*** Block opens ***

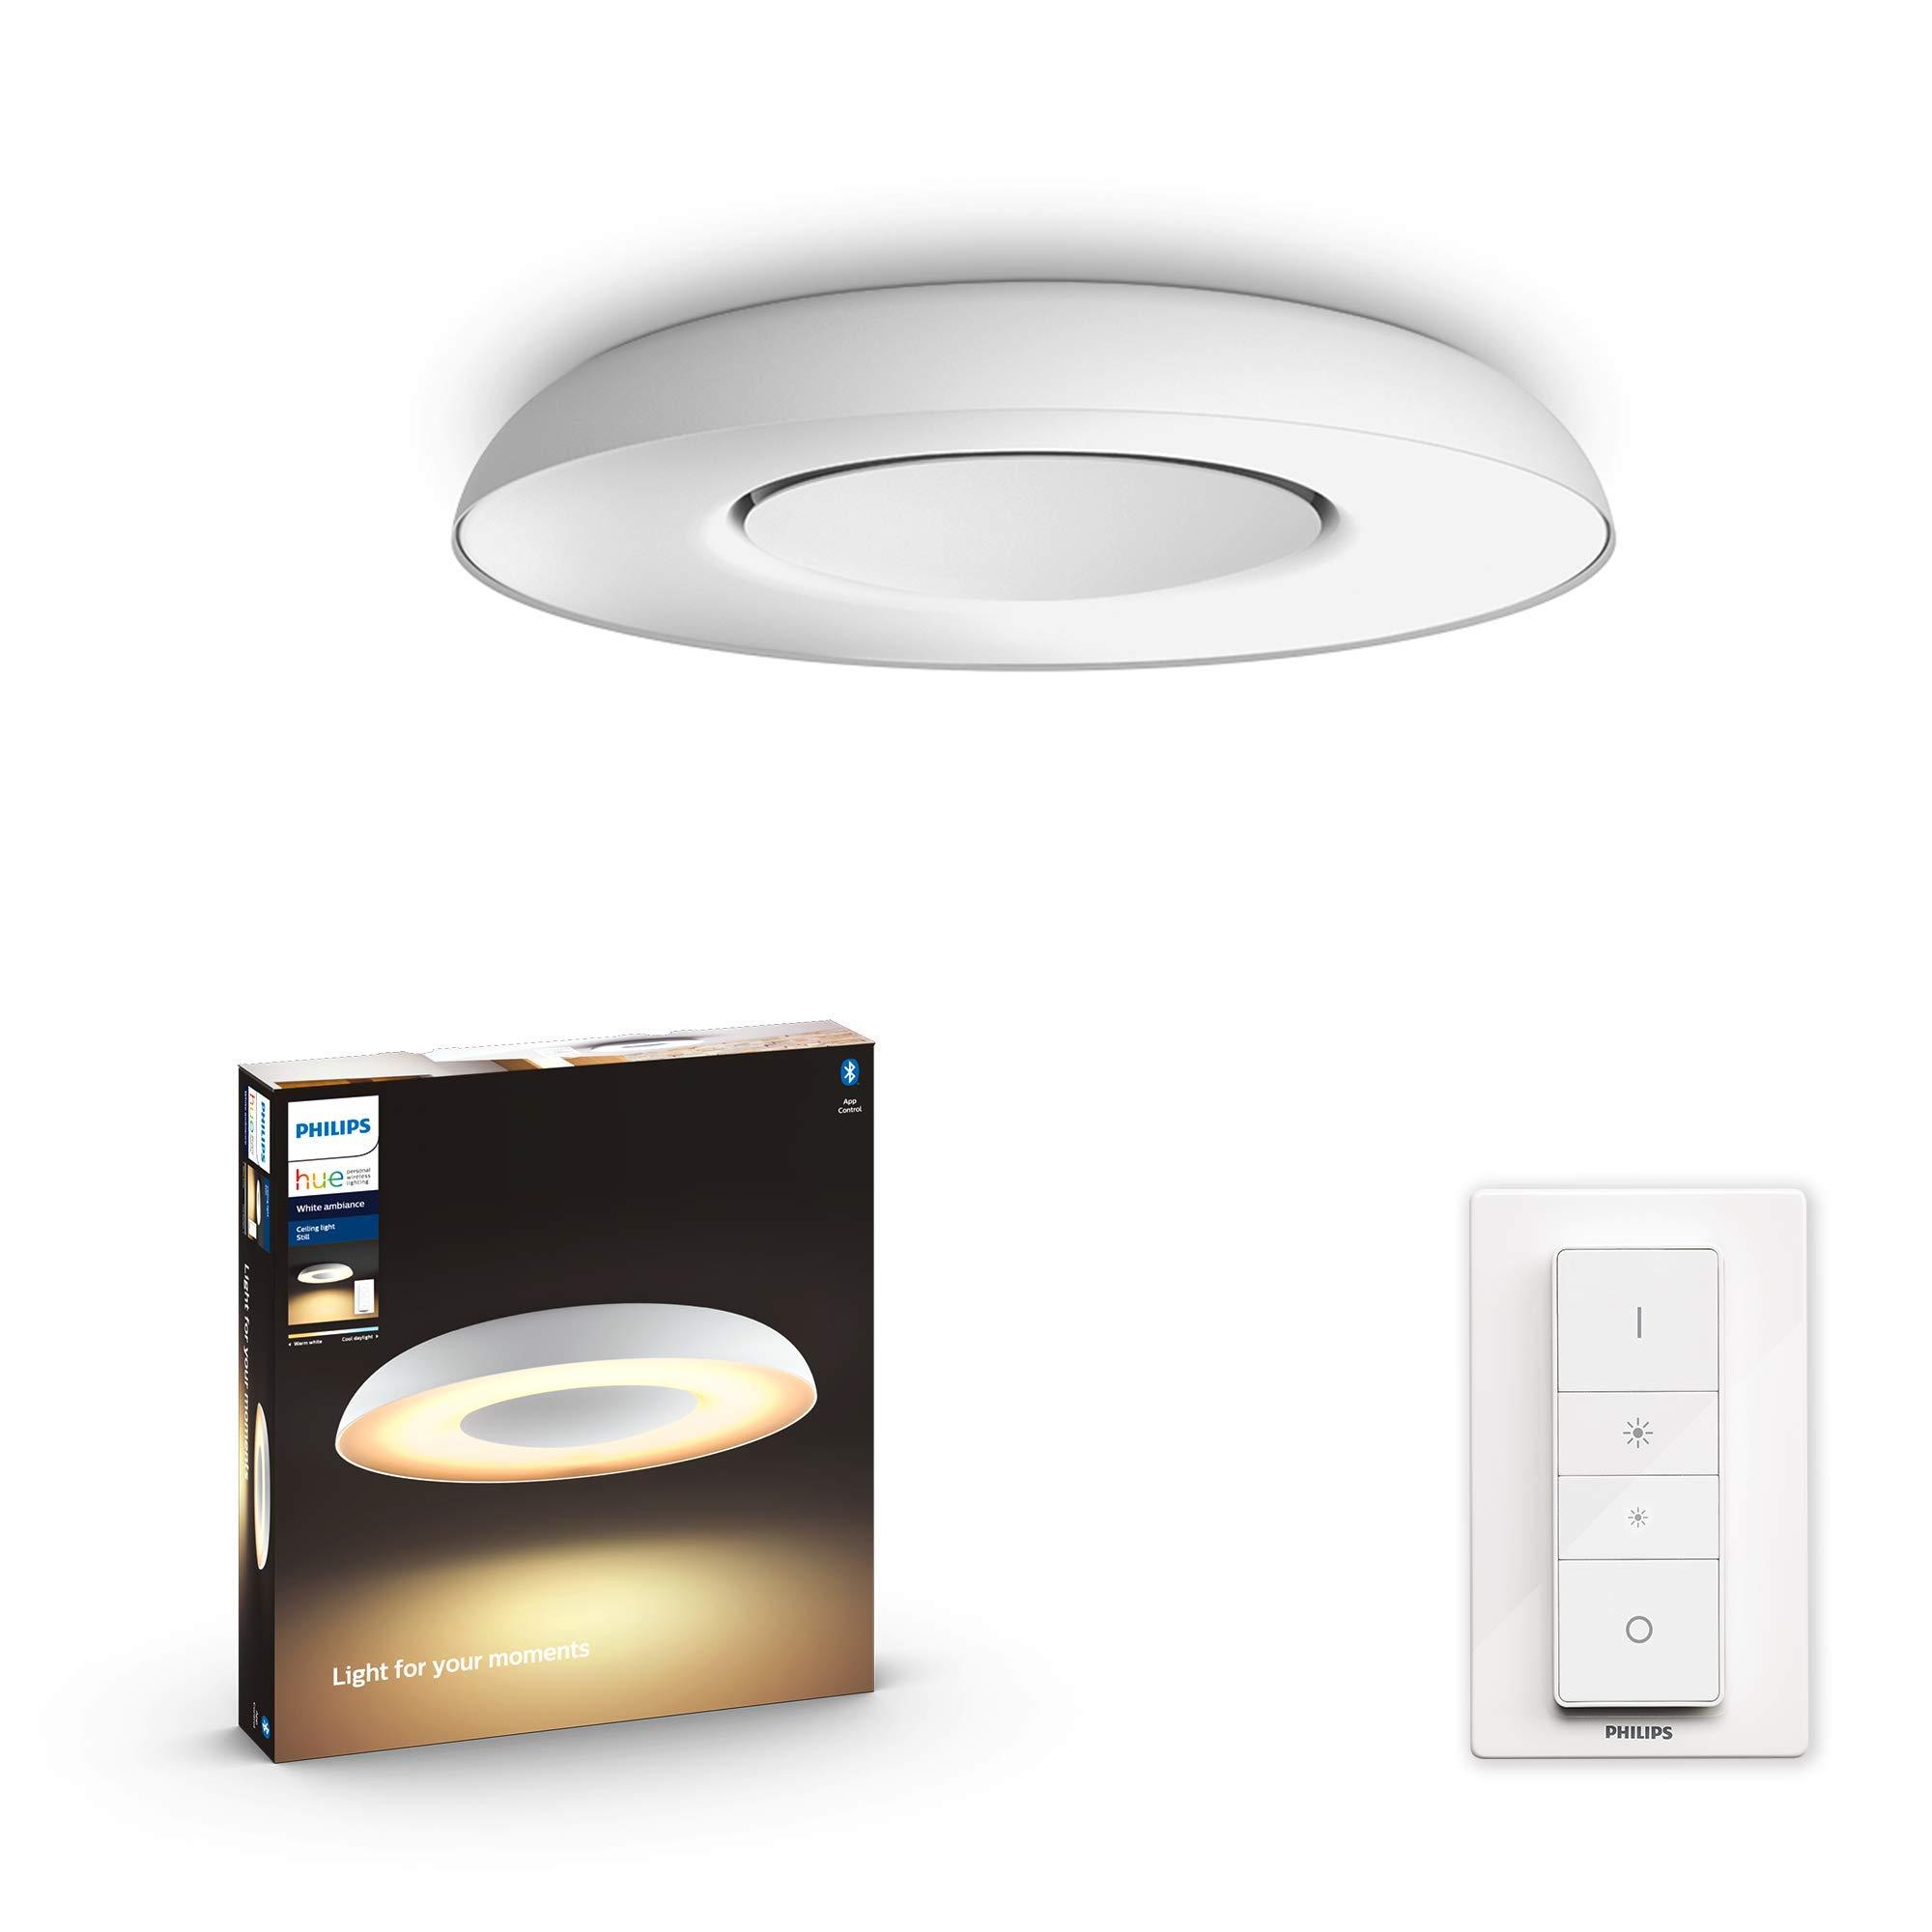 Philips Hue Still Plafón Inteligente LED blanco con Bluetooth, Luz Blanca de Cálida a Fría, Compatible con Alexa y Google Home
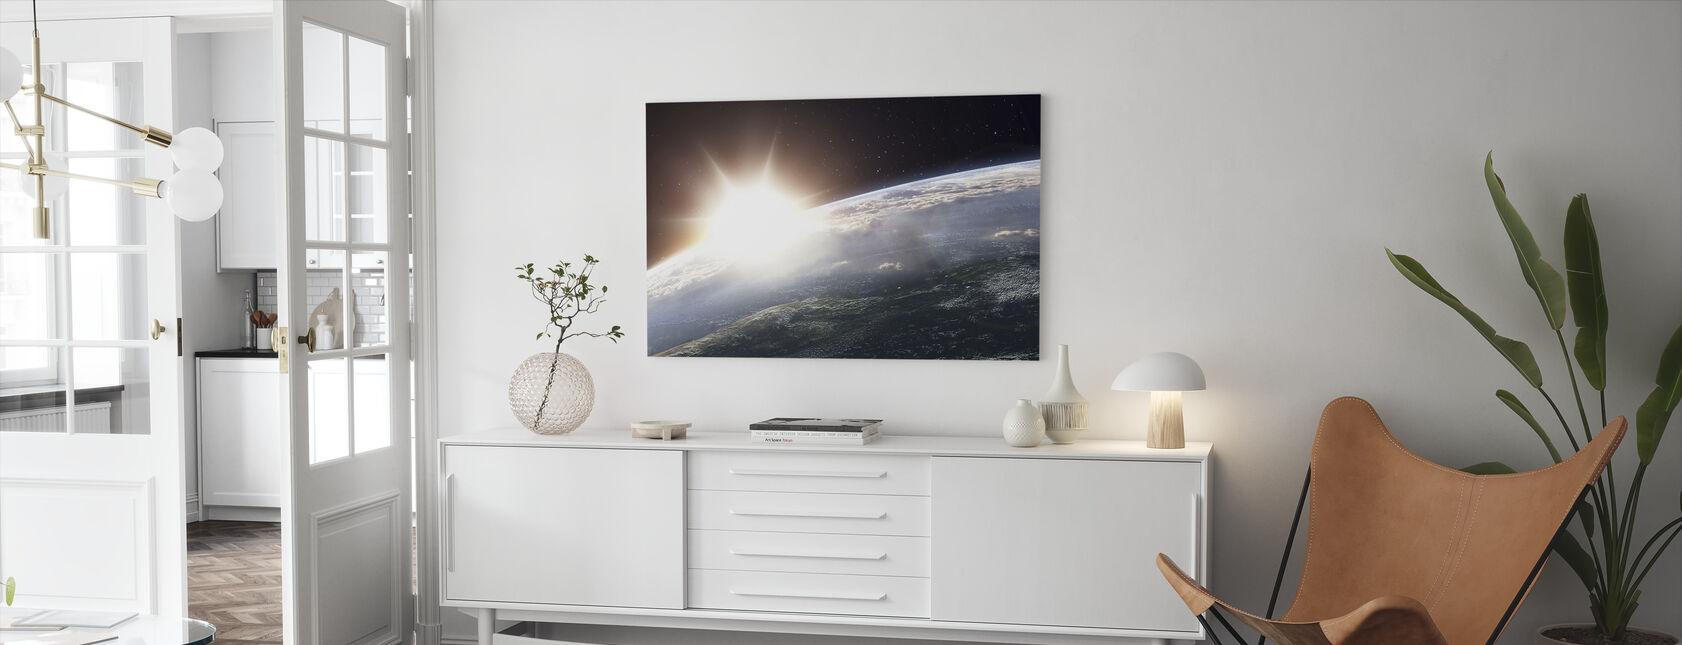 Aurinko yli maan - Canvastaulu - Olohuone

*** Block closes ***
*** Block opens ***

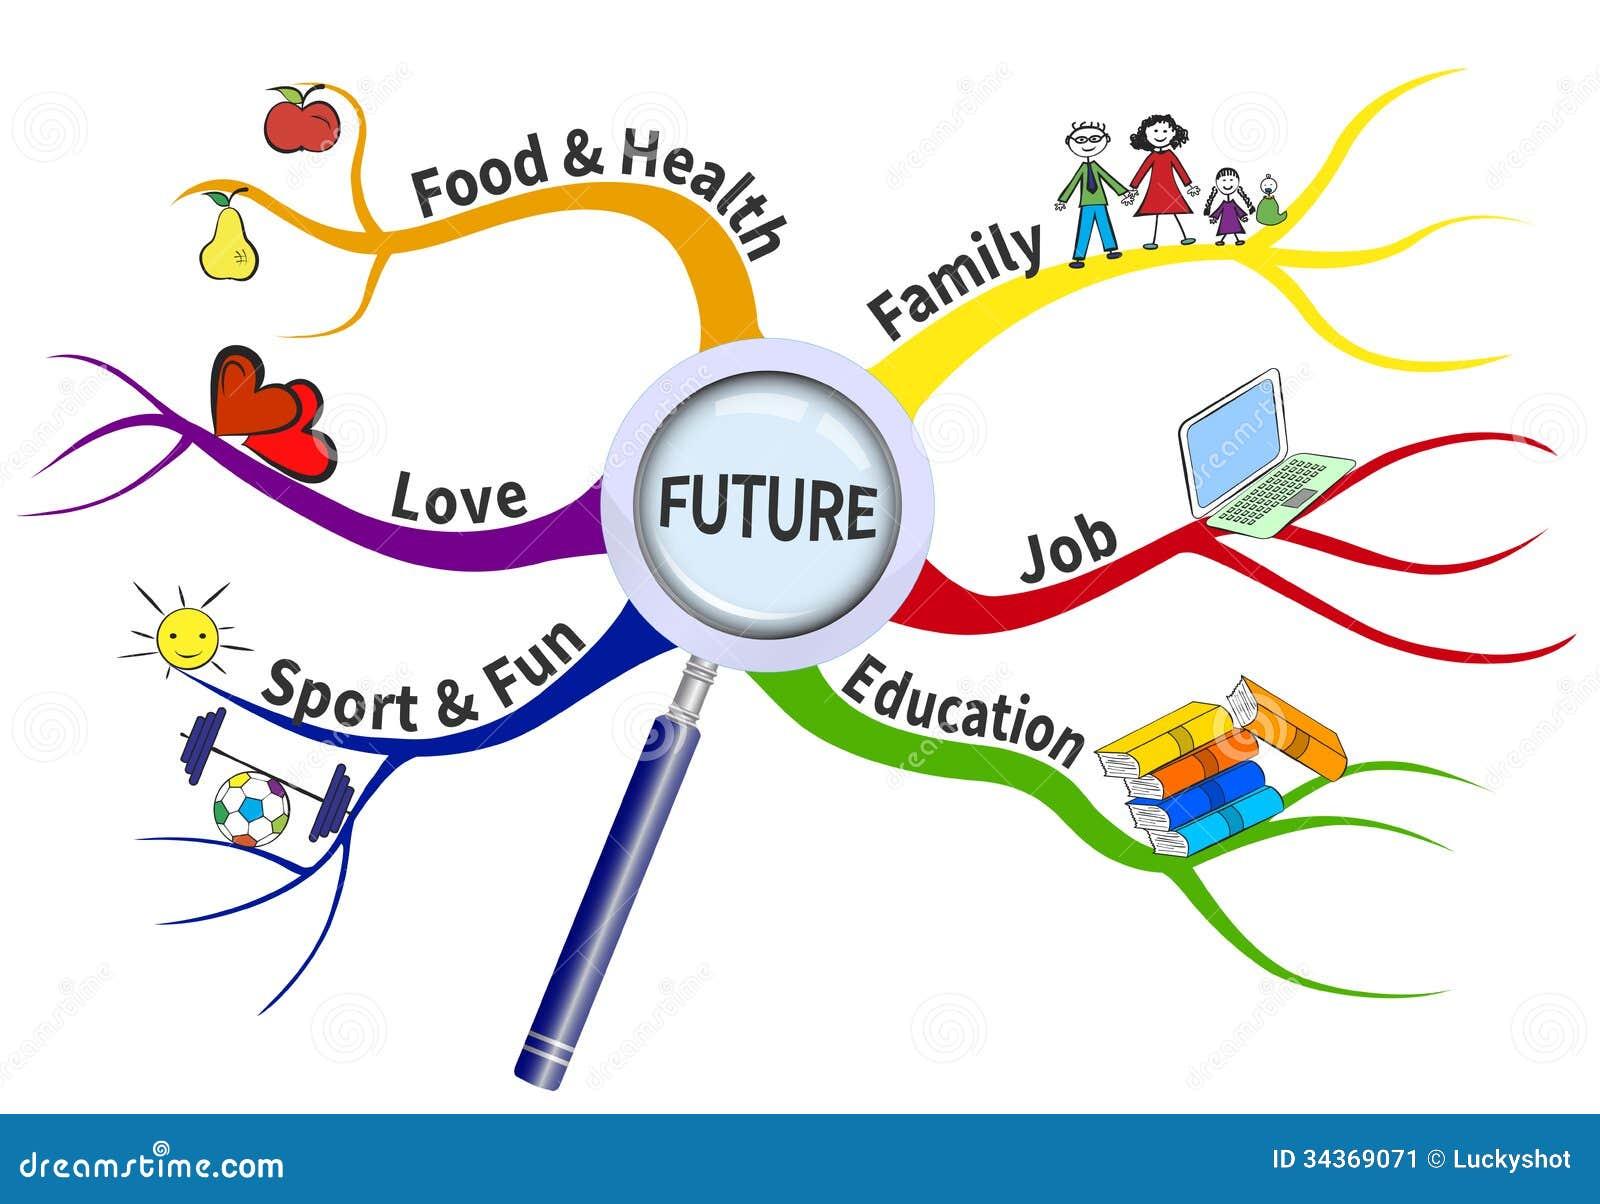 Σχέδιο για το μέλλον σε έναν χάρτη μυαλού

*** Block closes ***

Extract, without any images, the part of the material above that opens with the line containing "Philips Hue Still" and closes with the line containing "Aurinko yli maan - Canvastaulu - Olohuone", both lines included.

 Philips Hue Still Plafón Inteligente LED blanco con Bluetooth, Luz Blanca de Cálida a Fría, Compatible con Alexa y Google Home
 Aurinko yli maan - Canvastaulu - Olohuone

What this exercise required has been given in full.